Florida Approves Ballot Amendment to Restore Voting Rights of 1.4 Million People With Felony Records

ORLANDO, Fla. — Florida voters approved a ballot measure Tuesday night that will restore voting rights to an estimated 1.4 million people with felony records in the critical swing state.

Amendment 4 passed by 64 percent and would re-enfranchise all felons in the state, save those convicted of murder or sex offenses. The amendment was supported by progressive groups, civil liberty organizations, conservative groups aligned with the Koch brothers, and a bevy of celebrities. It also received a groundswell of grassroots support from ex-offenders and their families, who say those who paid their debt to society should be returned to full citizenship.

“We have returned!” Desmond Meade, president of Florida Rights Restoration Coalition, told a room of overjoyed supporters, some of them teary-eyed, at an election night watch party in Orlando. Drake’s “Started From The Bottom” blared over the sound system.

“This was a campaign about inclusion,” Meade continued. “Those numbers represented what happens when we come together along the lines of humanity and reach each other where we’re at. That’s what happens when we’re able to transcend partisan politics and bickering, when we’re able to transence racial anxieties and discourse, when we’re able to come together as God’s children.”

Florida was one of four states that impose lifetime bans on voting for people with felony records. The two remaining states are Iowa and Kentucky. Virginia has a similar provision, but the last two governors have used their executive powers to restore voting rights of those affected.

Thirty-three states have various laws disenfranchising felony offenders and those under law enforcement supervision, impacting an estimated 6.1 million potential voters, according to a 2016 Sentencing Project report.

Former offenders in Florida could petition the governor for clemency to have their voting rights restored, but in 2011 then-governor Rick Scott, who is running for the U.S. Senate this year, rewrote the rules, making Florida the toughest state in the U.S. for felons to regain their voting rights.

“Ultimately, we are citizens, we are in the community, we do want to have a say—I know I do—and this is a great way to have that opportunity,” says Bryan Russi, 42, of Orlando, an ex-felon and current real estate agent. “It’s not Republican or Democrat, it’s a human thing. Everyone has people who have been affected.”

Kim Lawrance, an activist whose 18-year-old daughter is currently incarcerated, would like to see her child be able to vote one day. “They should be able to come home and get reintegrated into society,” Lawrance says. “When you’re time is done, it’s done.”

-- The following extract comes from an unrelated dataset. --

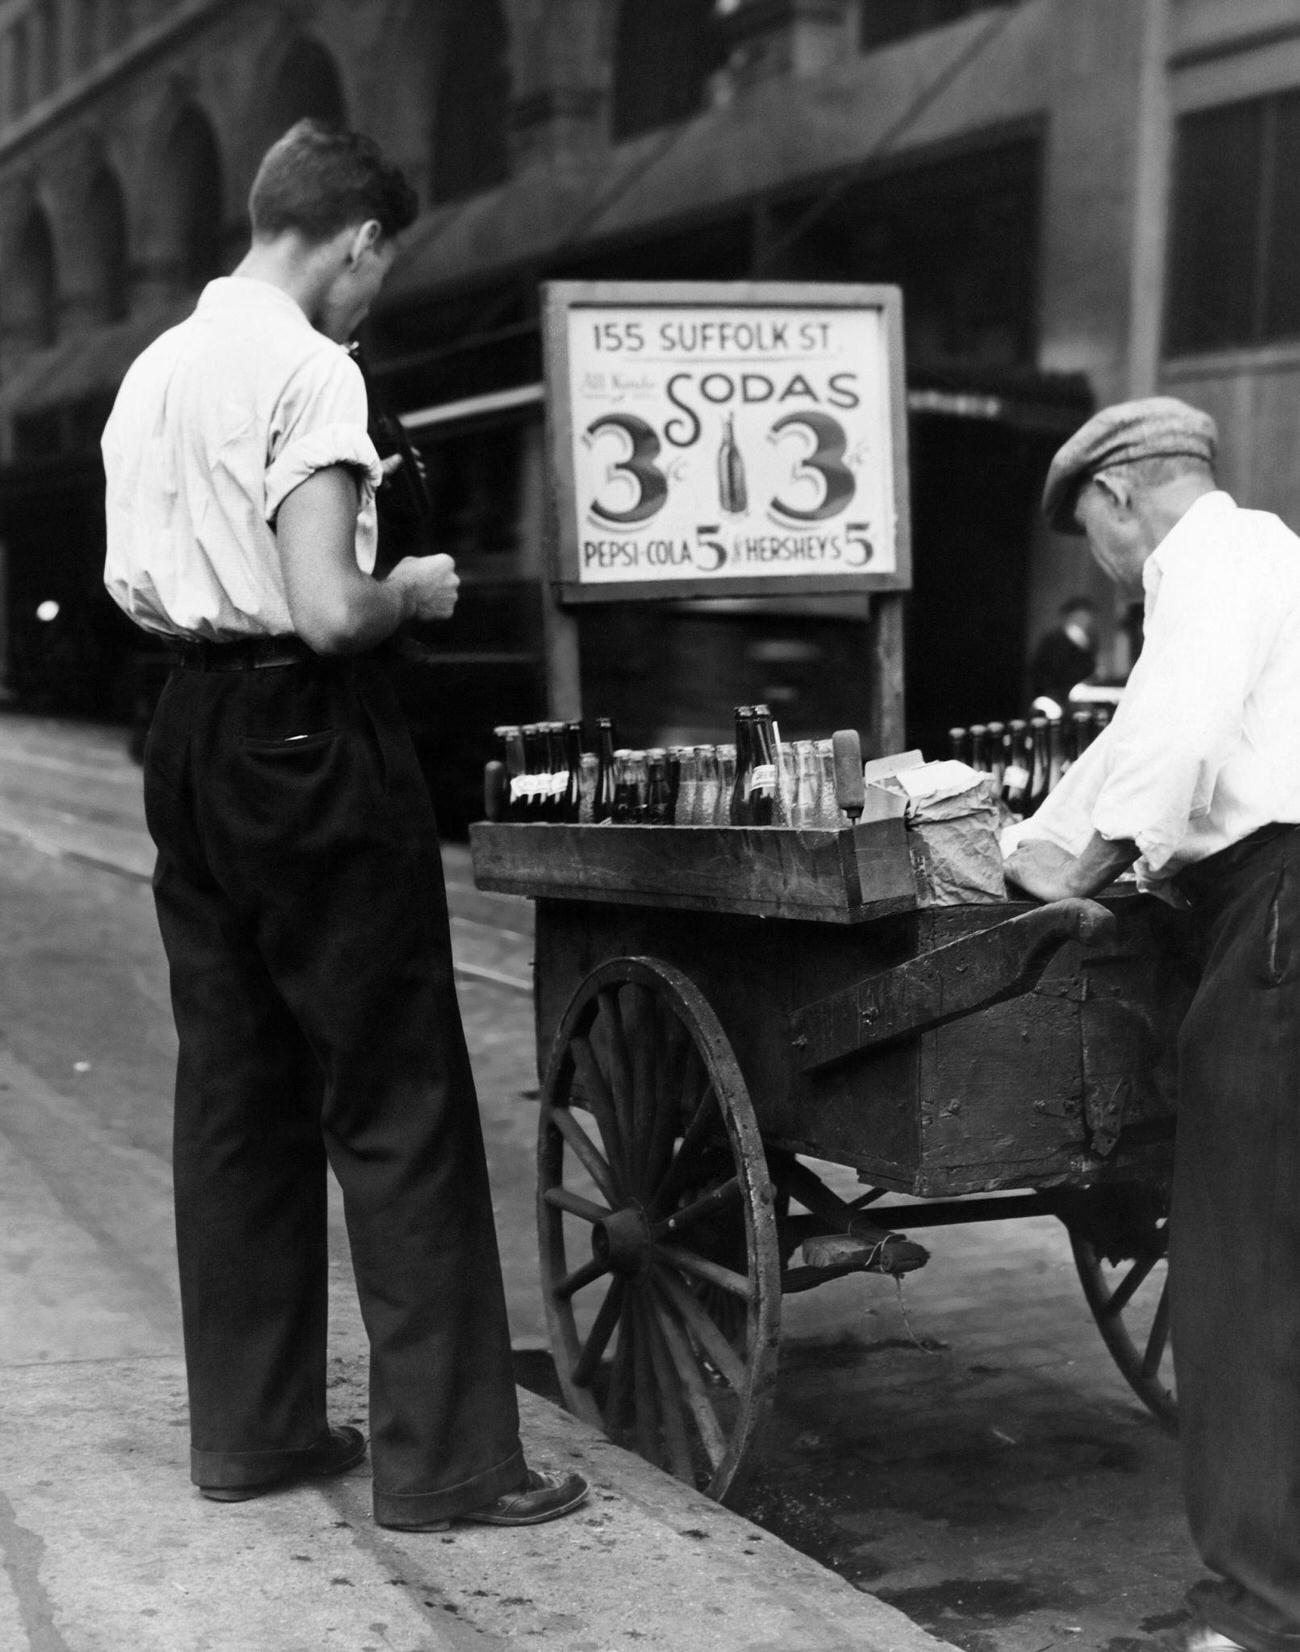 1930s street vendor in New York City selling sodas, including Pepsi-Cola.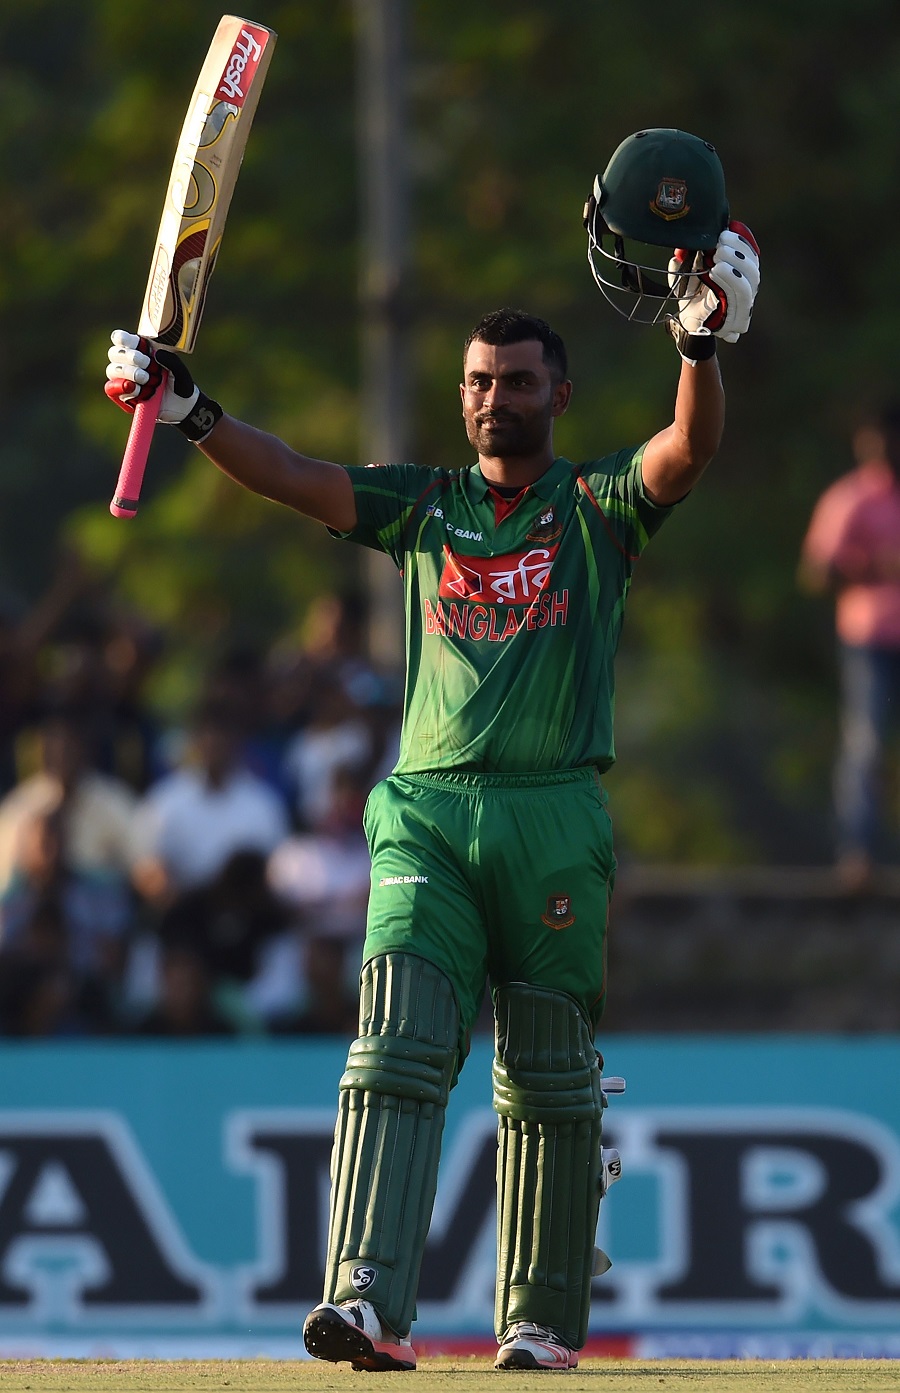 बांग्लादेश के लिए यह उपलब्धि हासिल करने वाले पहले खिलाड़ी बने तमीम इक़बाल 11

One estimate says that 10 percent of all Floridians who are otherwise eligible to vote have been disenfranchised by the law.

Felon disenfranchisement also disproportionately affects black residents. One out of every 13 African-Americans in the U.S. has lost their voting rights due to felony disenfranchisement laws, compared to one in every 56 non-black voters, the Sentencing Project report said.

Florida’s felony disenfranchisement laws were, like those in many other states, a vestige of the its racist 19th century “Black Codes,” which attempted to systematically criminalize freed slaves following the Civil War, and then bar them from voting.

In a statement, ACLU of Florida Executive Director Howard Simon celebrated what he called “one of the largest expansions of the franchise in our nation’s history” but warned that the fight was not over.

Shortly after Amendment 4 passed, Trump-aligned Republican Ron DeSantis narrowly defeated progressive Democrat Andrew Gillum in the race for Florida governor.

“The constitutional amendment the voters have now approved is not the end of this saga; it is more like the end of the beginning,” Simon said. “In the days and weeks ahead we will seek to work with newly elected Governor to ensure that Amendment 4 is implemented as intended by the Floridians who placed it on the ballot and voted to approve it—without delay and without imposing more burdens on the process to register to vote.”